Impacts are great all around shoes. They are super sticky but still can adjust my feet while pedaling into a jump. Can't beat that kind of flexibility.


----------



## roxtar (Sep 7, 2009)

Isn't the Karver the women's version of the Impact?


----------



## CharacterZero (May 19, 2004)

roxtar said:


> Isn't the Karver the women's version of the Impact?


No.


----------



## TheSchwagman (Nov 1, 2005)

Karver fo' sho'. The lace cover is worth it, and the added ankle protection is great.


----------



## OP4guy (Jul 16, 2011)

Up until the beginning of the year I had been thrashing Keens on my platforms. Worked okay but my pedal studs were literally ripping the soles off. I decided to pull the trigger and picked up a pair of 5.10 freeriders in black/grey. What a great choice! Two weeks later I walked into my LBS and found a pair of 5.10 scribbles for $50 and scooped them up. Not only have they been great for riding but I also wear them daily at work.
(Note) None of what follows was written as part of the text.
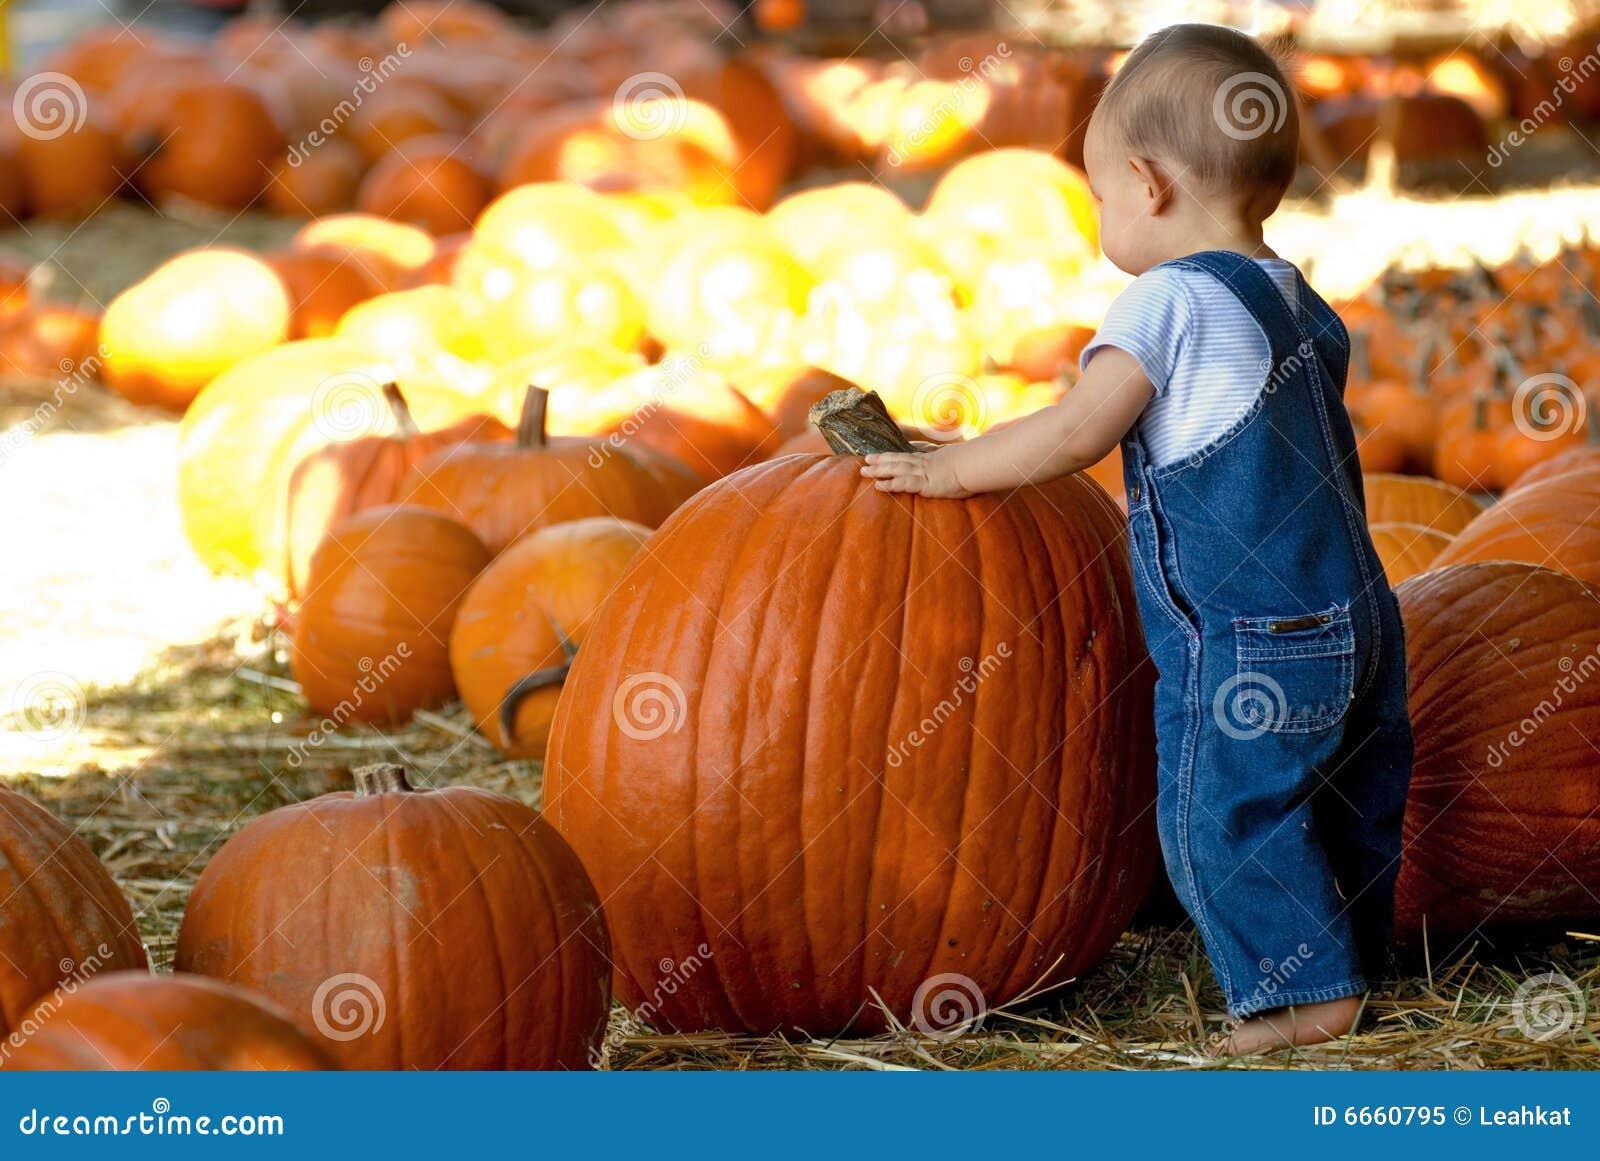 Small Boy Finds Large Pumpkin
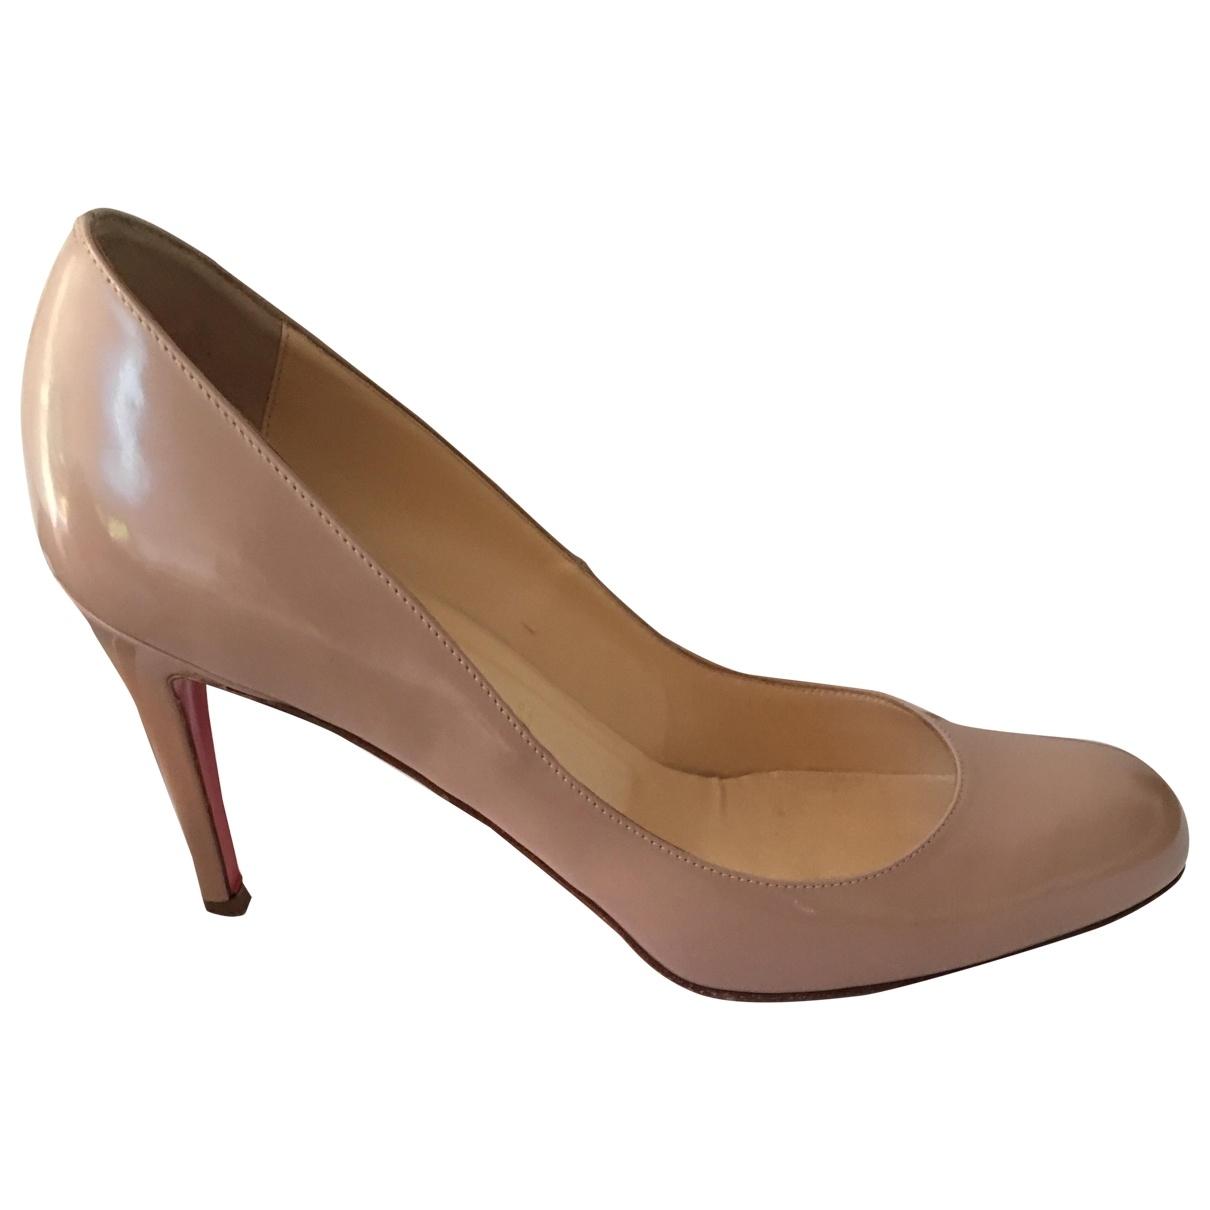 Christian Louboutin Simple pump Patent leather Heels for Women 40 EU

About a month ago I went back into my LBS and they had the Impact low for 40% off so I grabbed a pair. They are way bulkier then my freeriders but have great support. 

I love the 5.10 shoes and have fallen down a slippery slope and I am looking to get a few more pair for everyday use and riding. I usually blow out at lunch time for a quick 1hr ride which is just an awesome way to spend my break.


----------